Interview met Amber Webber (Lightning Dust)

achtergrond: concertavond 28 november 2019

Na een relatieve stilte van zes jaar perste het Canadese Lightning Dust met Spectre een nieuw album uit hun creatieve cloaca. Om dat te vieren daalt het bliksemstof op 28 november neder in Het Bos om daar aan een sterk staaltje sfeerschepping te doen met hun spookachtige, onheilspellende, maar even goed wonderschone songs die steunen op een psychedelische ruggengraat van synth- en folkwervels. De ideale gelegenheid om opperstrot Amber Webber eens aan de tand te voelen, dacht Bosmedewerker Tomas Serrien.

Congrats with your new album 'Spectre'. It's been a while! 'Fantasy' was released in 2013. Is there a particular reason why it took 6 years to make this fourth record?

We were busy making records and touring with Black Mountain. Also Josh plays drums in Destroyer and they did a bunch of touring over that time. I also went back to school studying gerontology for a bit of that. Also, sometimes inspiration takes longer than you think.

Can you tell us something about choosing 'Spectre' as the title for the new album? Does it refer to the haunting sound of your music?

It was actually taken from one of our favourite Royal Trux songs, 'The Spectre'. We thought it suited the vibe of the album. This album has a haunting feeling for sure. I sing a lot about souls that haunt me and about death, literally and symbolically.

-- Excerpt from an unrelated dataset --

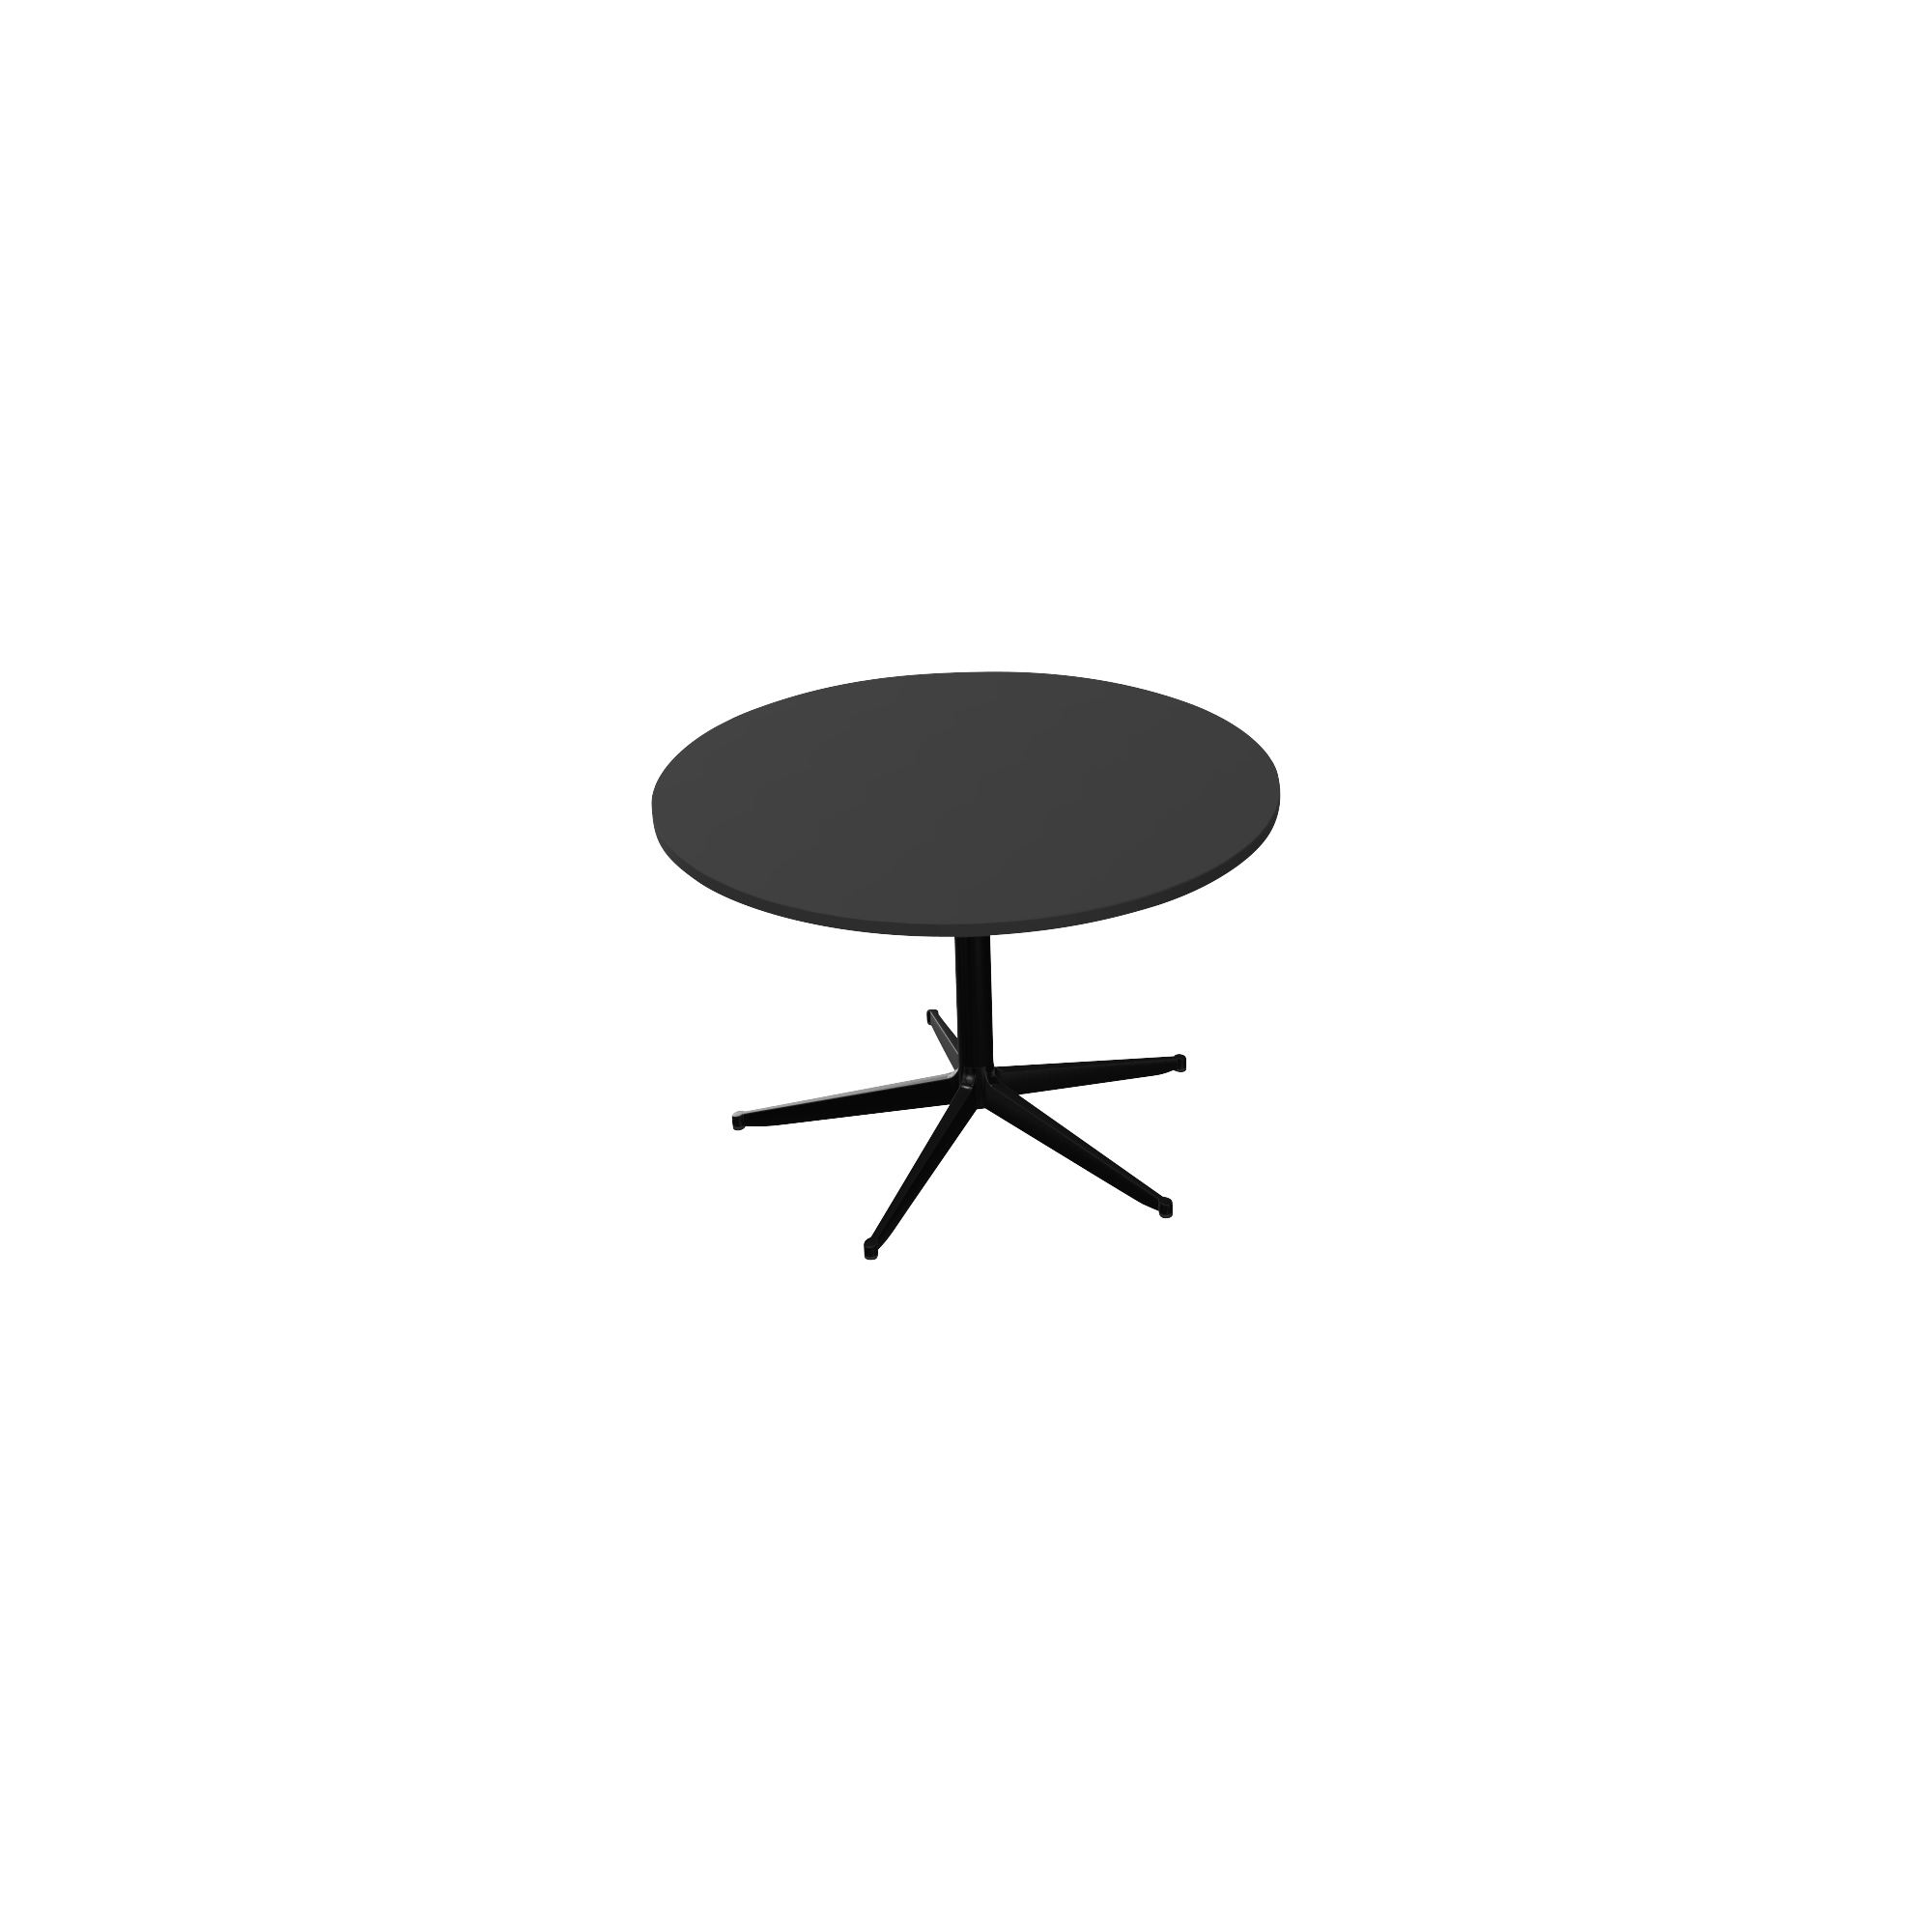 A black circular table with a pedestal leg
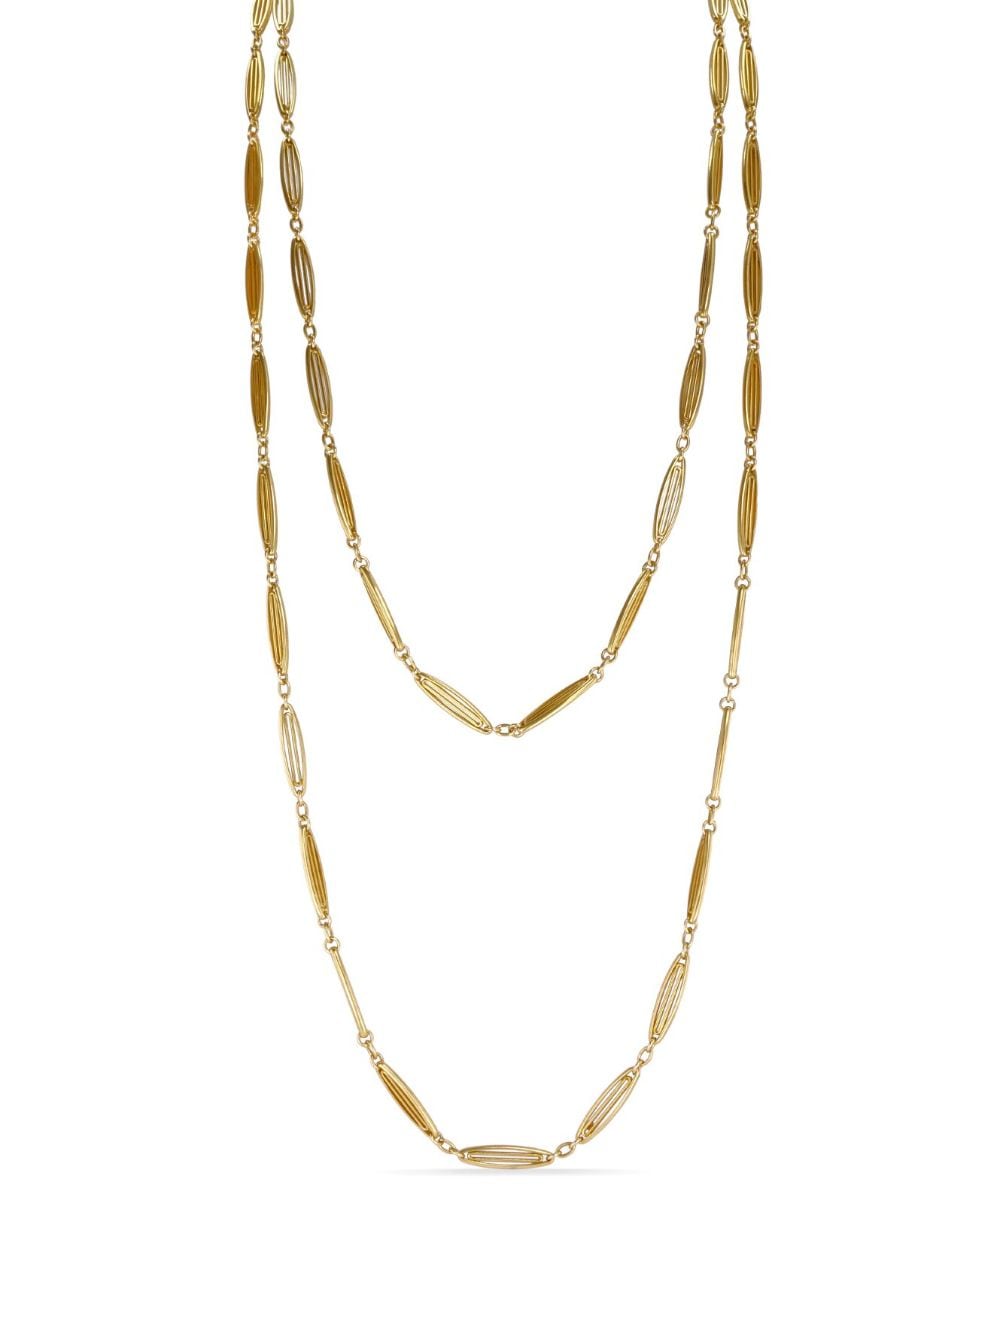 Pragnell Vintage Belle Epoque oval link necklace - Gold von Pragnell Vintage

Minimal electronics and rhythmic patterns are still an important part of the sound of Lightning Dust, but when I listen to 'Spectre' in comparison with 'Fantasy', the arrangements are subtler in a way. The new sound is closer to the album 'Infinite Light' from 2009: a personal, more singer-songwriter style of music. Was it a conscious choice to go back to a more intimate sound?

Yes, we were both craving a real band sound. Touring ‘Fantasy’ was difficult for us because we love playing with other musicians and feeding off their energy on stage. Playing with drum tracks halted that freedom. Plus, for me personally I'm not as interested in electronic music - it was more of a phase for me.

Are there events had an important influence in making this new album?

I'd say it was feelings that made this record, rather than actual events. It was a feeling of isolation and sadness - this was partly from the state the world is in, like Trump and the increasing number of natural disasters, but also from the strangeness of leaving the music world for a bit. Not knowing what direction to head in and an overall feeling of disconnection from the world around me. In hindsight all this was a blessing because it allowed me to write this record unhinged.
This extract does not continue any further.